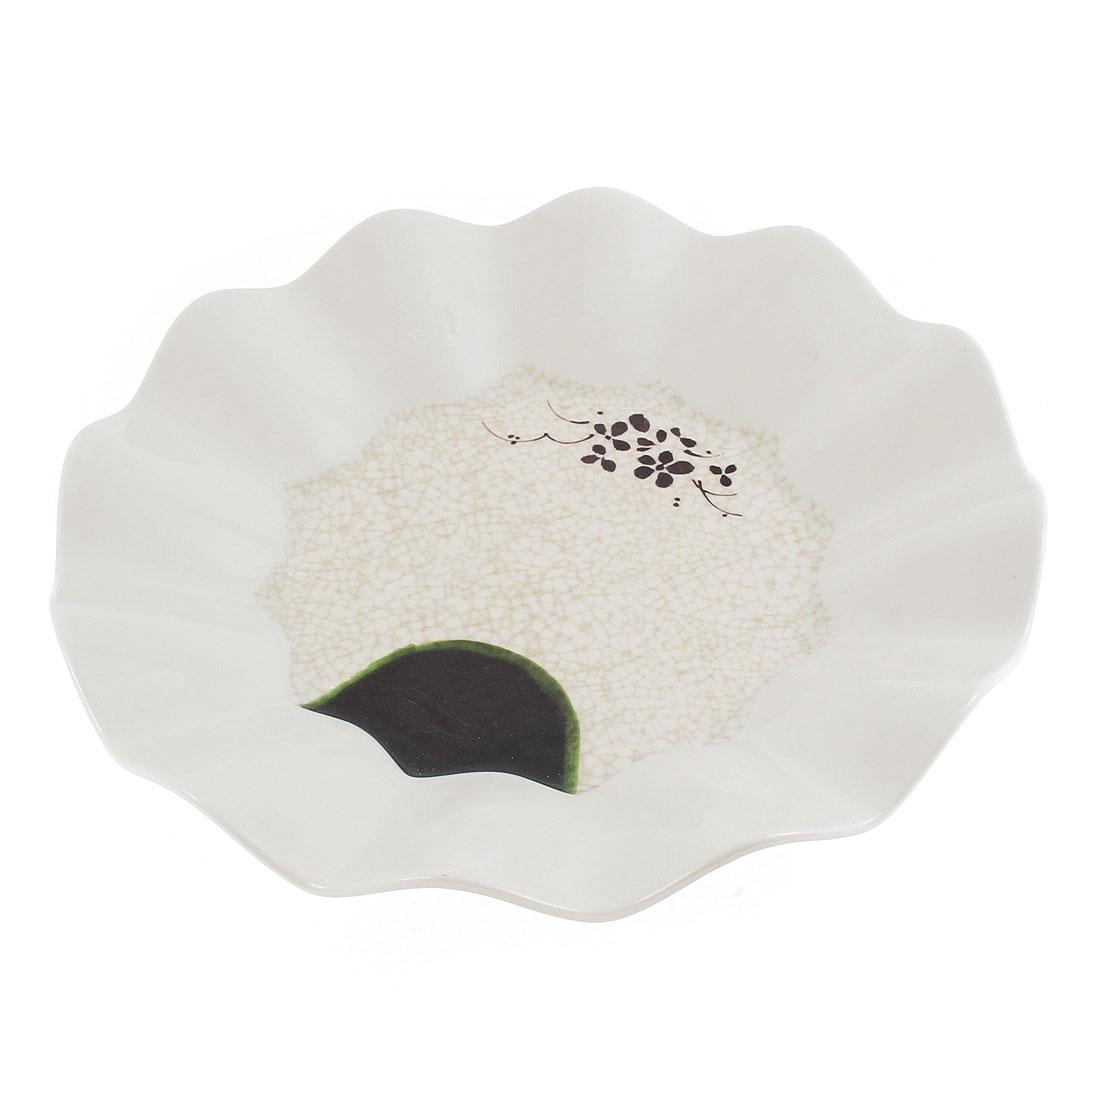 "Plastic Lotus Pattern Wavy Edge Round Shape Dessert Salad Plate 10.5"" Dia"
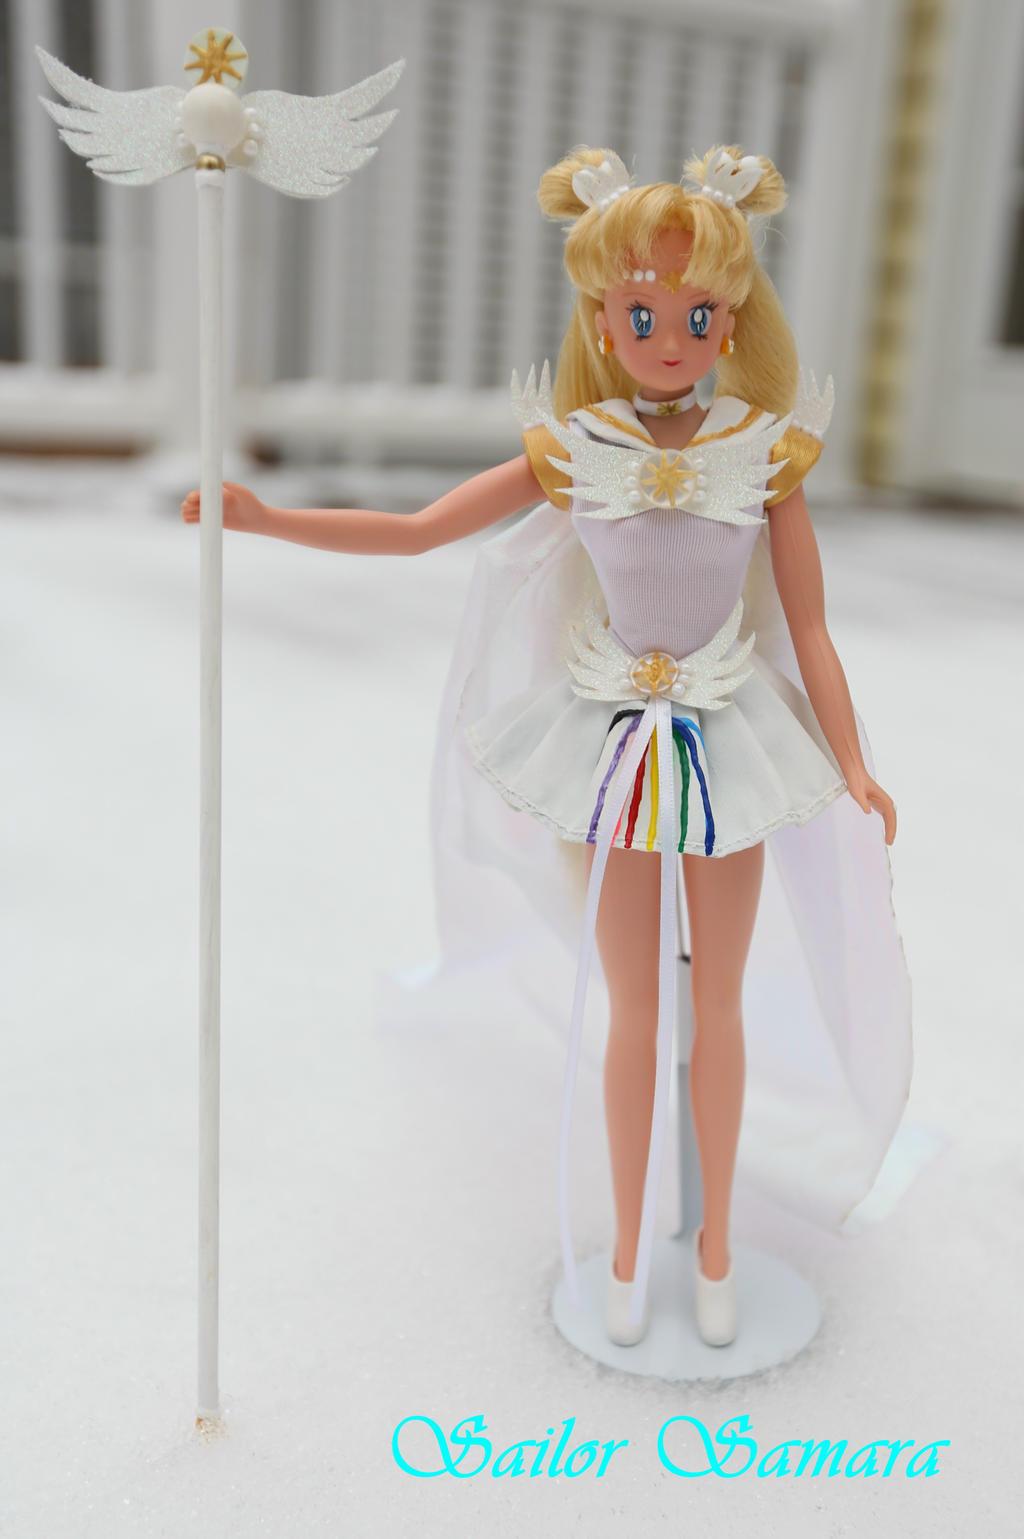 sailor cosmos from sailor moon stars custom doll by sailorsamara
...
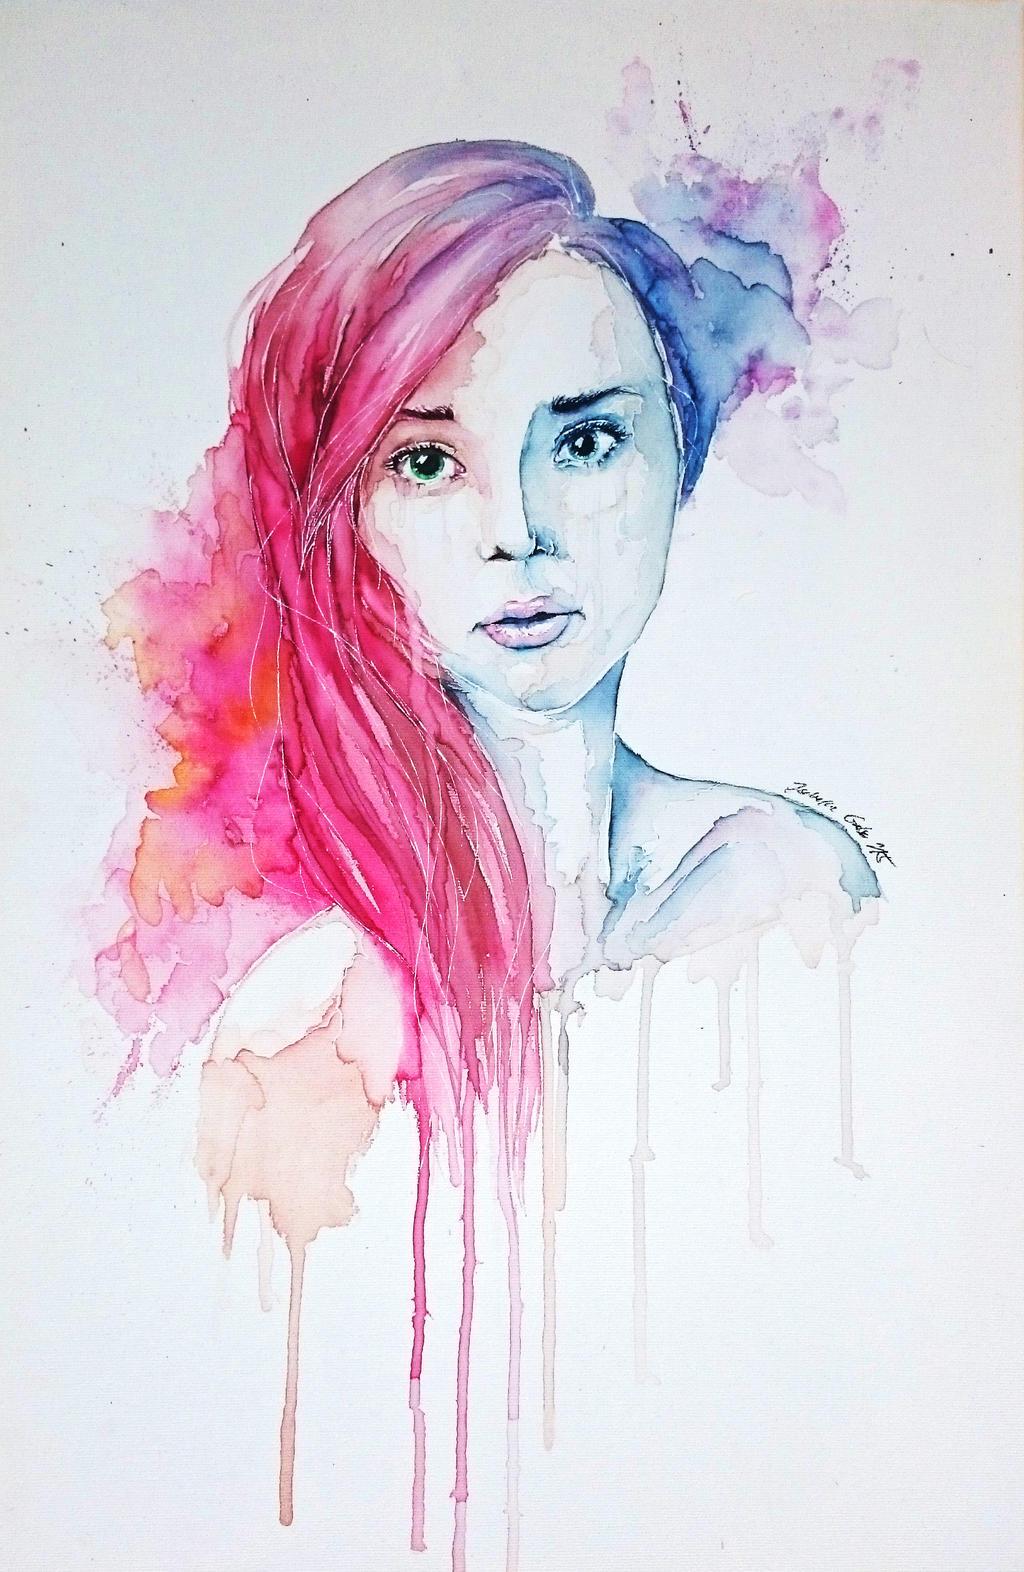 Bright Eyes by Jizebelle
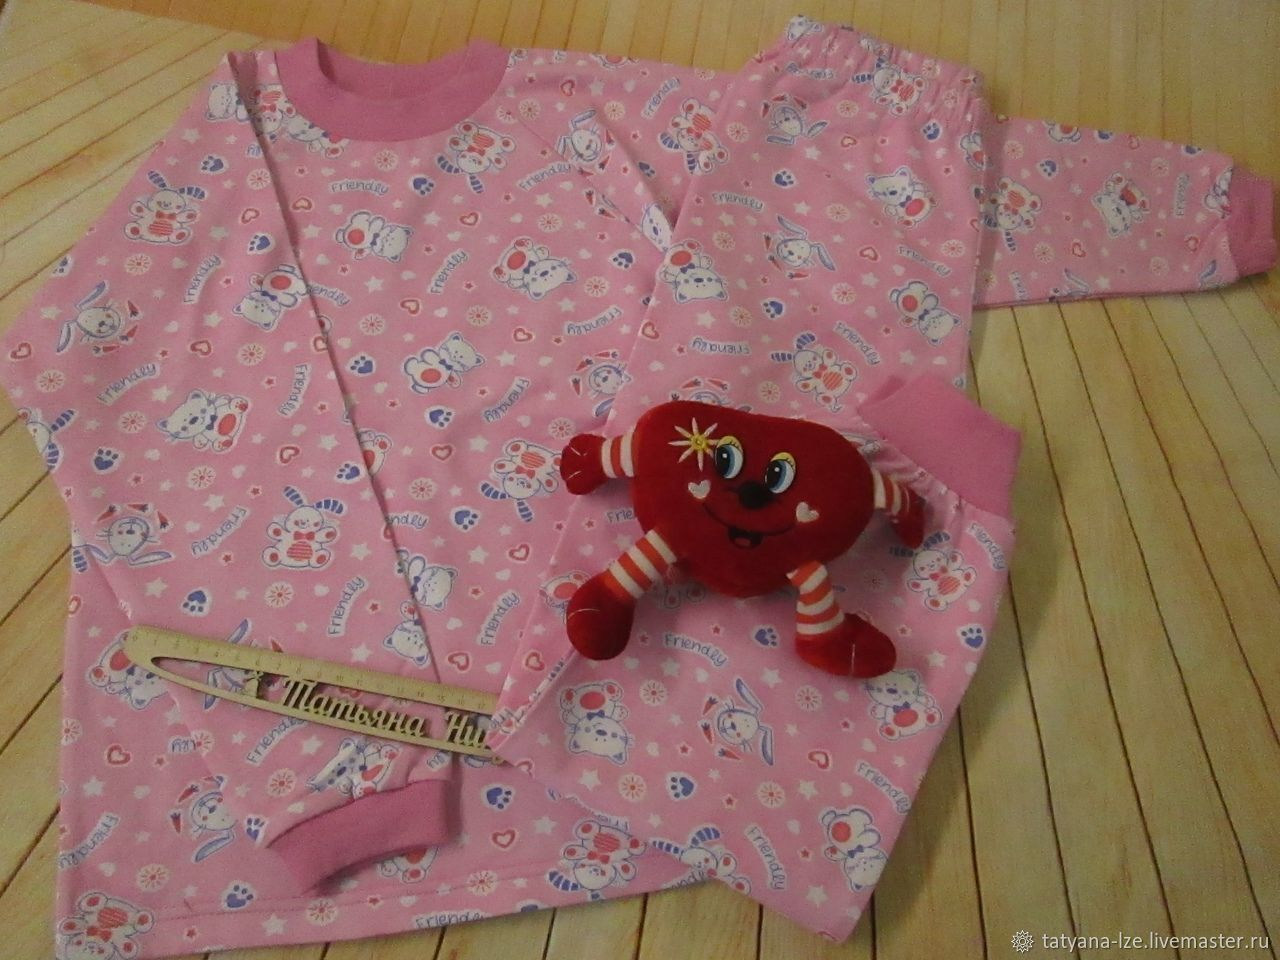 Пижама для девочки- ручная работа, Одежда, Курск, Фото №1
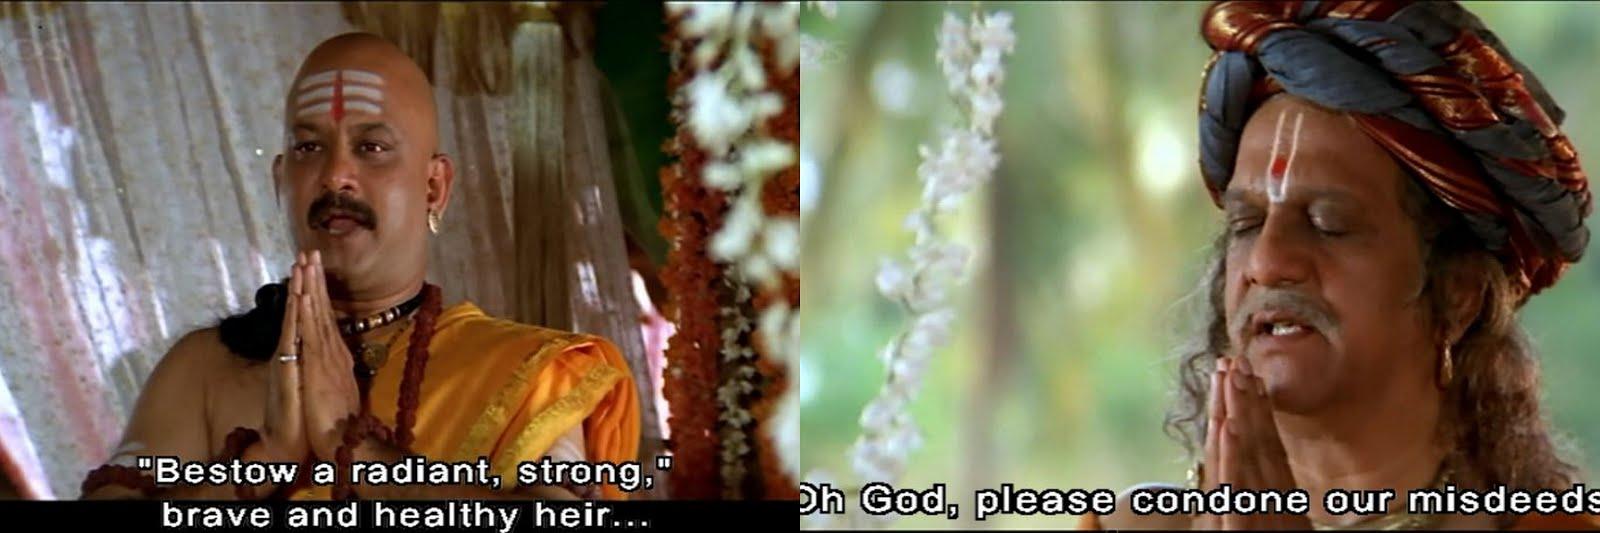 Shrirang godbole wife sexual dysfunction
* * *
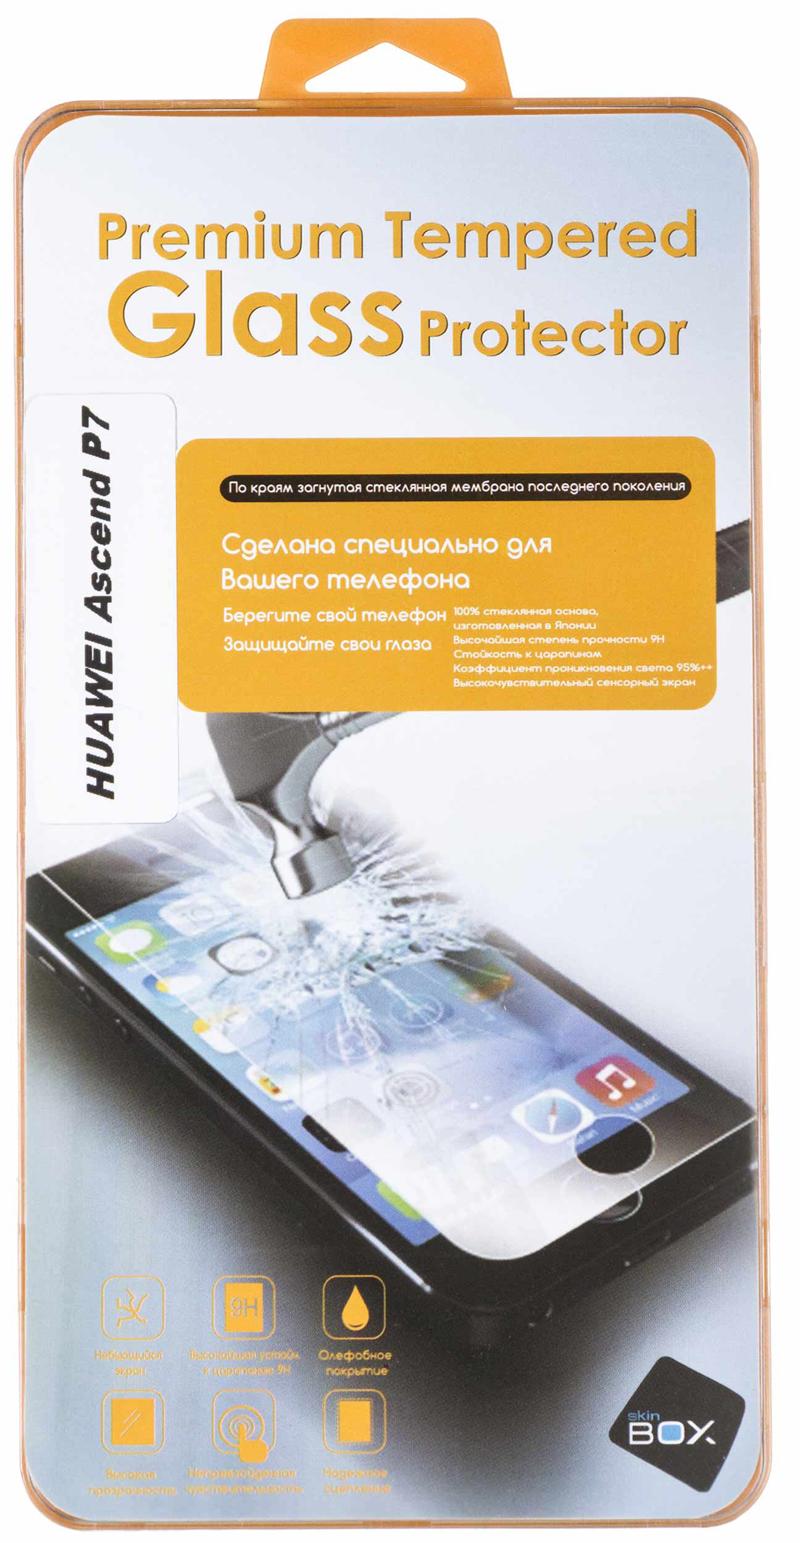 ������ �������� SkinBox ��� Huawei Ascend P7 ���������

» TASK INSTRUCTIONS
Give back exactly the lines above that run from the one with "Lotus Pattern Wavy" to the one with "sailor cosmos from", including both, with the pictures left out.

» OUTPUT FOR THIS EXERCISE
 "Plastic Lotus Pattern Wavy Edge Round Shape Dessert Salad Plate 10.5"" Dia"
 sailor cosmos from sailor moon stars custom doll by sailorsamara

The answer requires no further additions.